What you are asked to do: Where a picture appears, skip it and copy everything else in the listing exactly.

Dataset content:
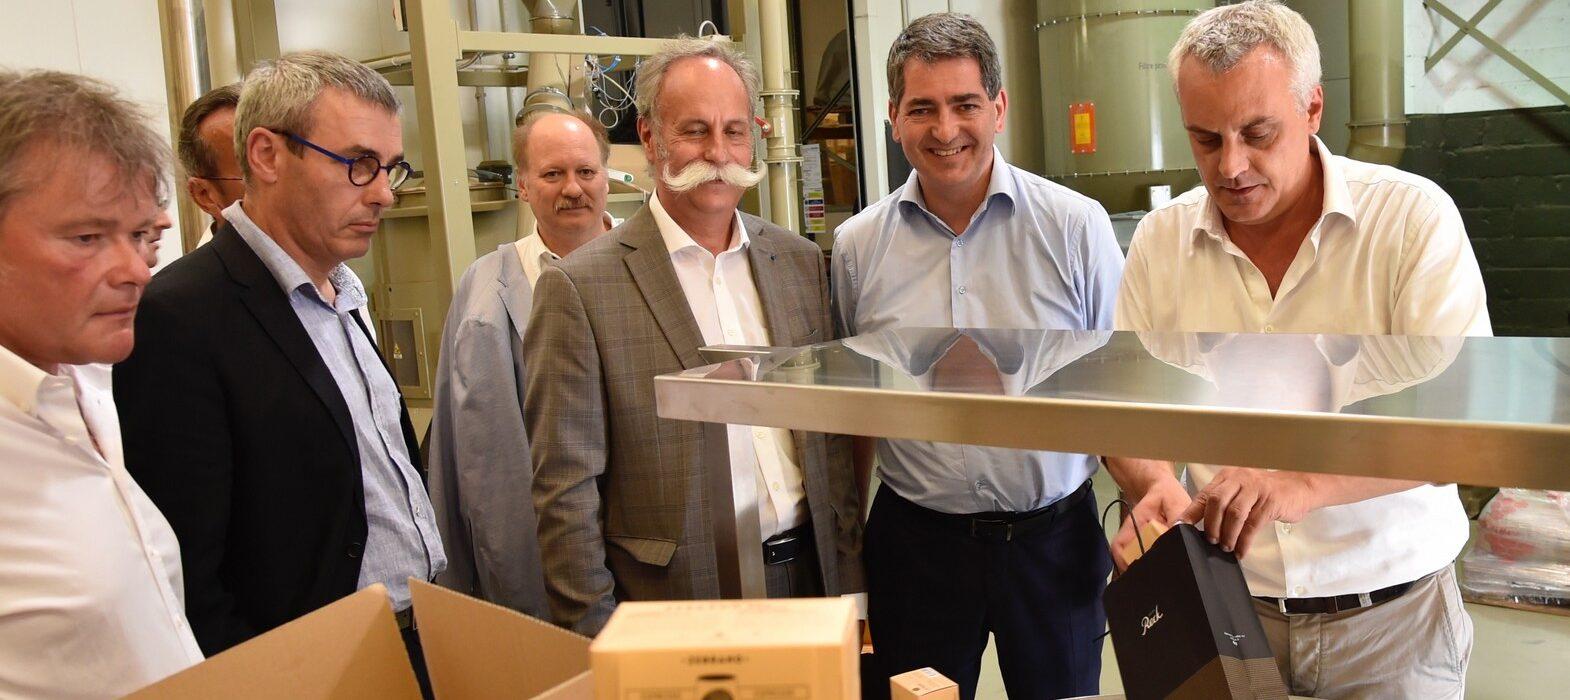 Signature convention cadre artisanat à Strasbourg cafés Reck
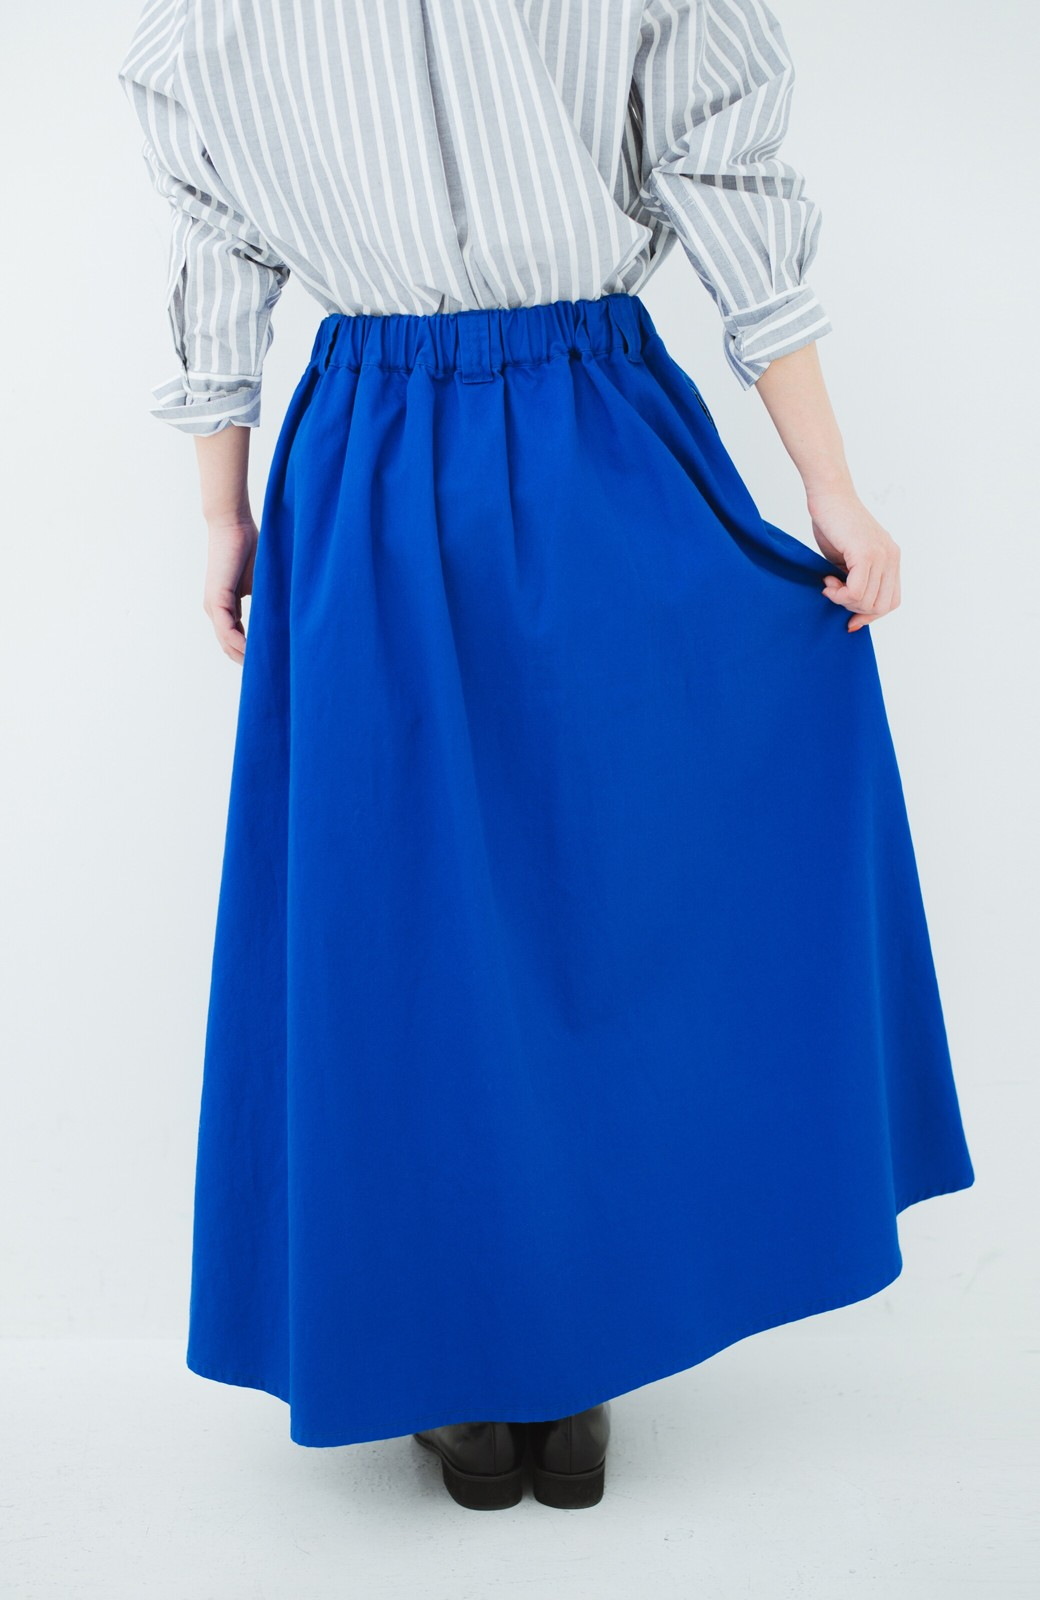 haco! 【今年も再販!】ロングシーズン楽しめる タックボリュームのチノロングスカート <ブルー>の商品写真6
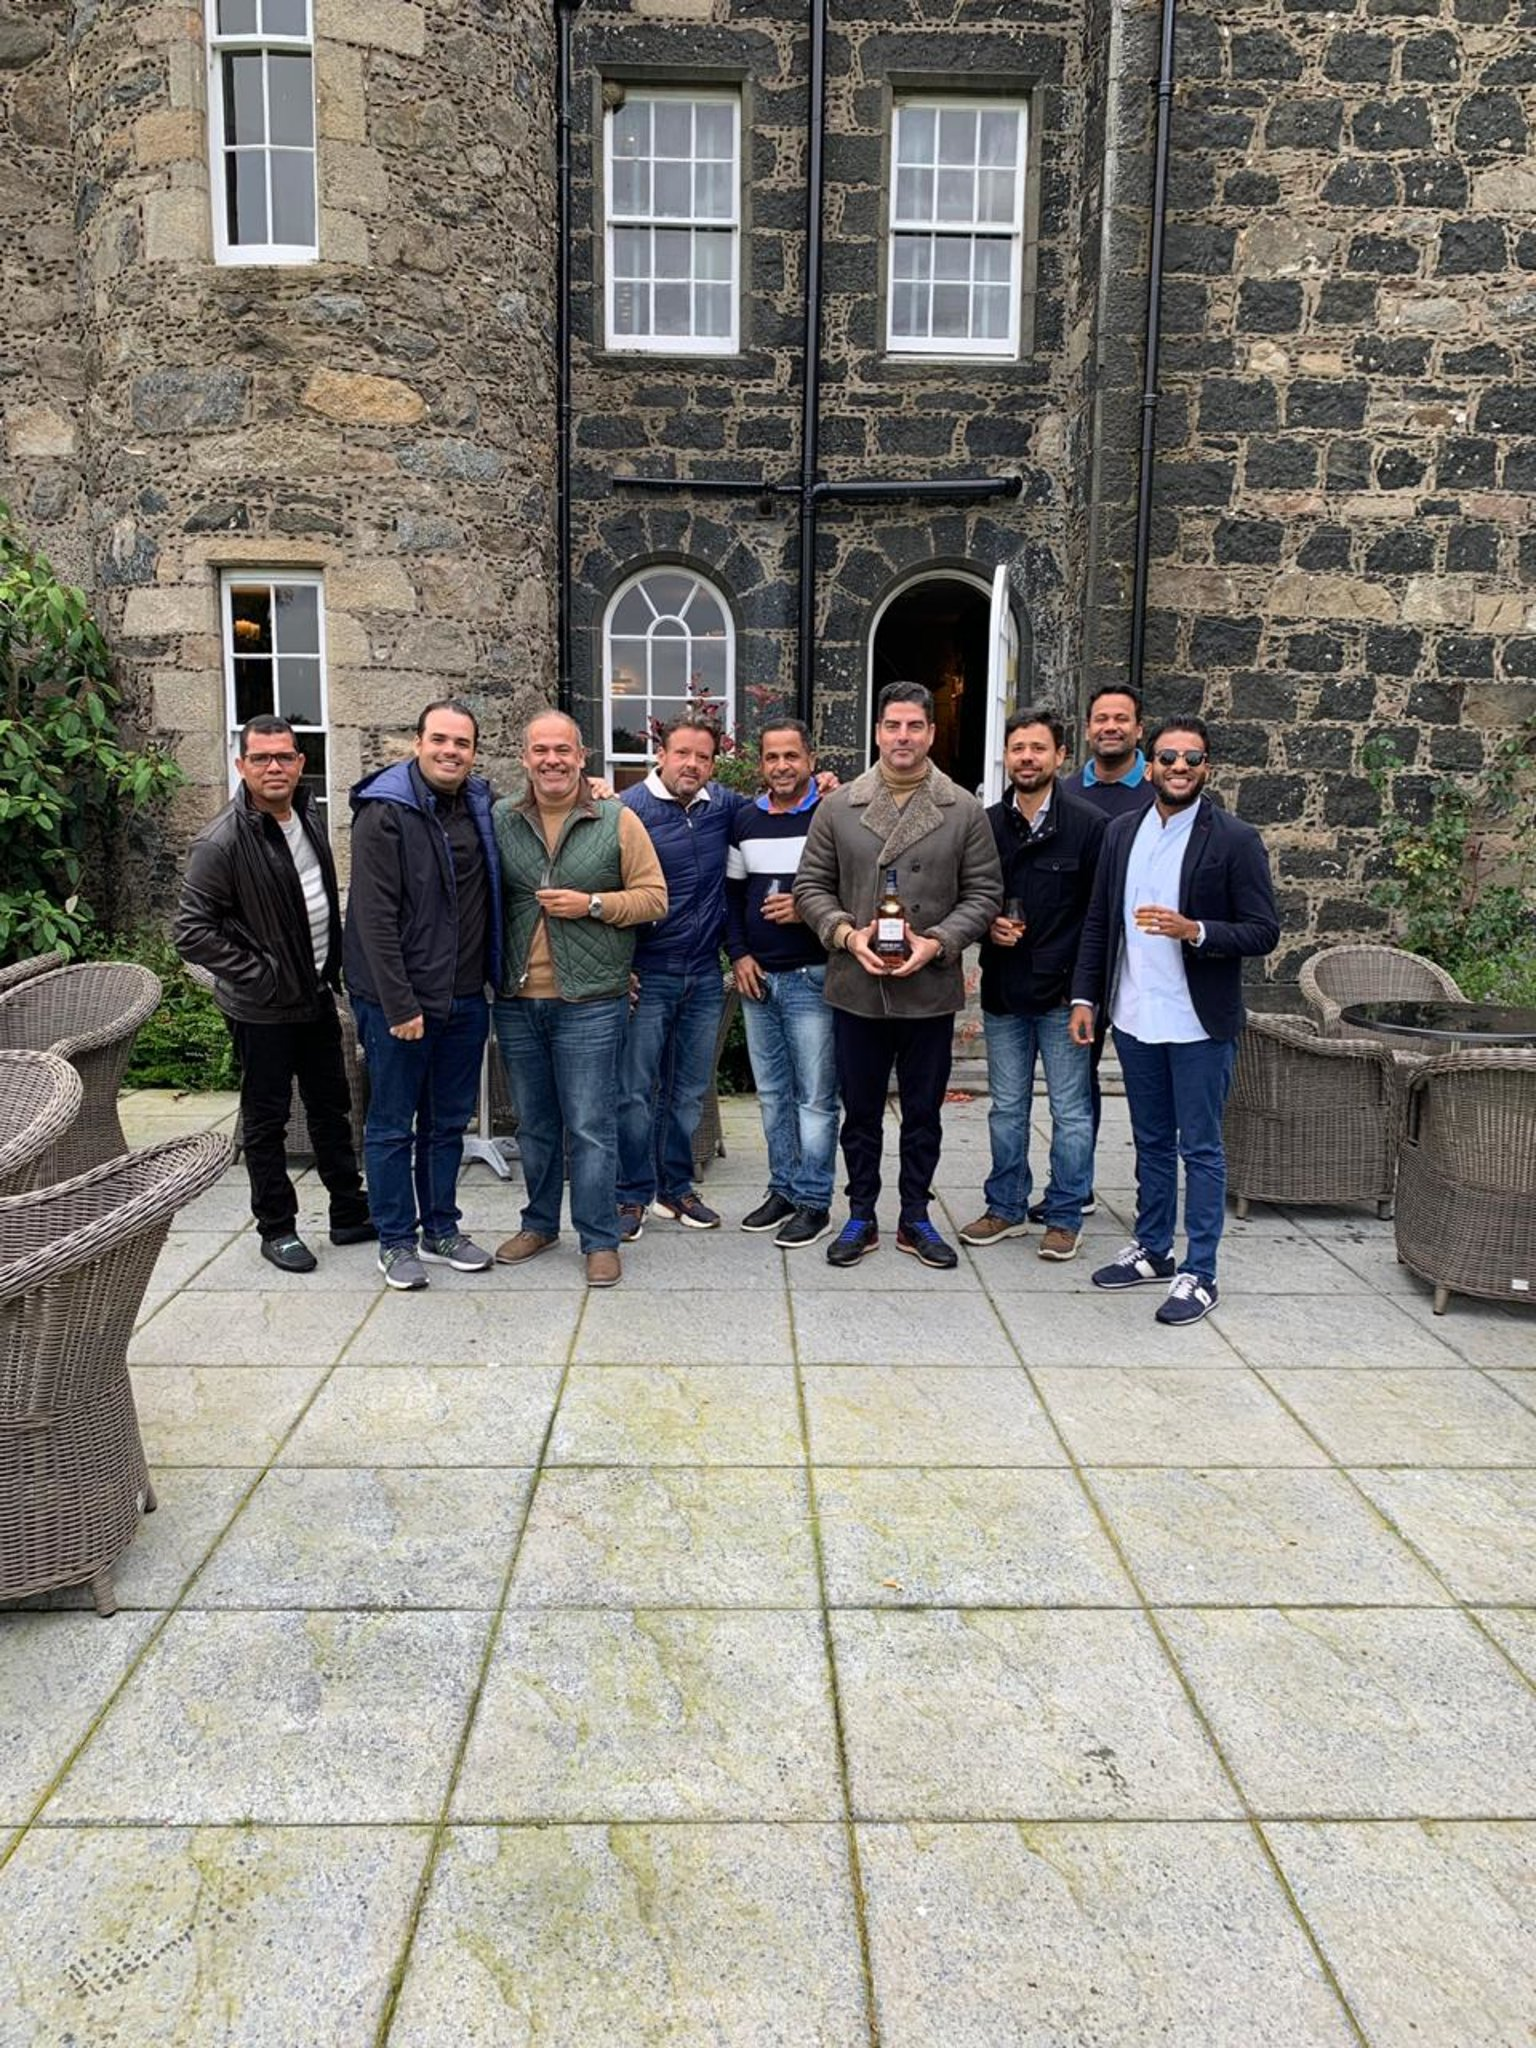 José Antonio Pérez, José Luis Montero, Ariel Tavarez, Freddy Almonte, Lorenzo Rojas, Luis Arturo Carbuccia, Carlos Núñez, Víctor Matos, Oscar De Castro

Task response:
 Signature convention cadre artisanat à Strasbourg cafés Reck
 haco! 【今年も再販!】ロングシーズン楽しめる タックボリュームのチノロングスカート <ブルー>の商品写真6
 José Antonio Pérez, José Luis Montero, Ariel Tavarez, Freddy Almonte, Lorenzo Rojas, Luis Arturo Carbuccia, Carlos Núñez, Víctor Matos, Oscar De Castro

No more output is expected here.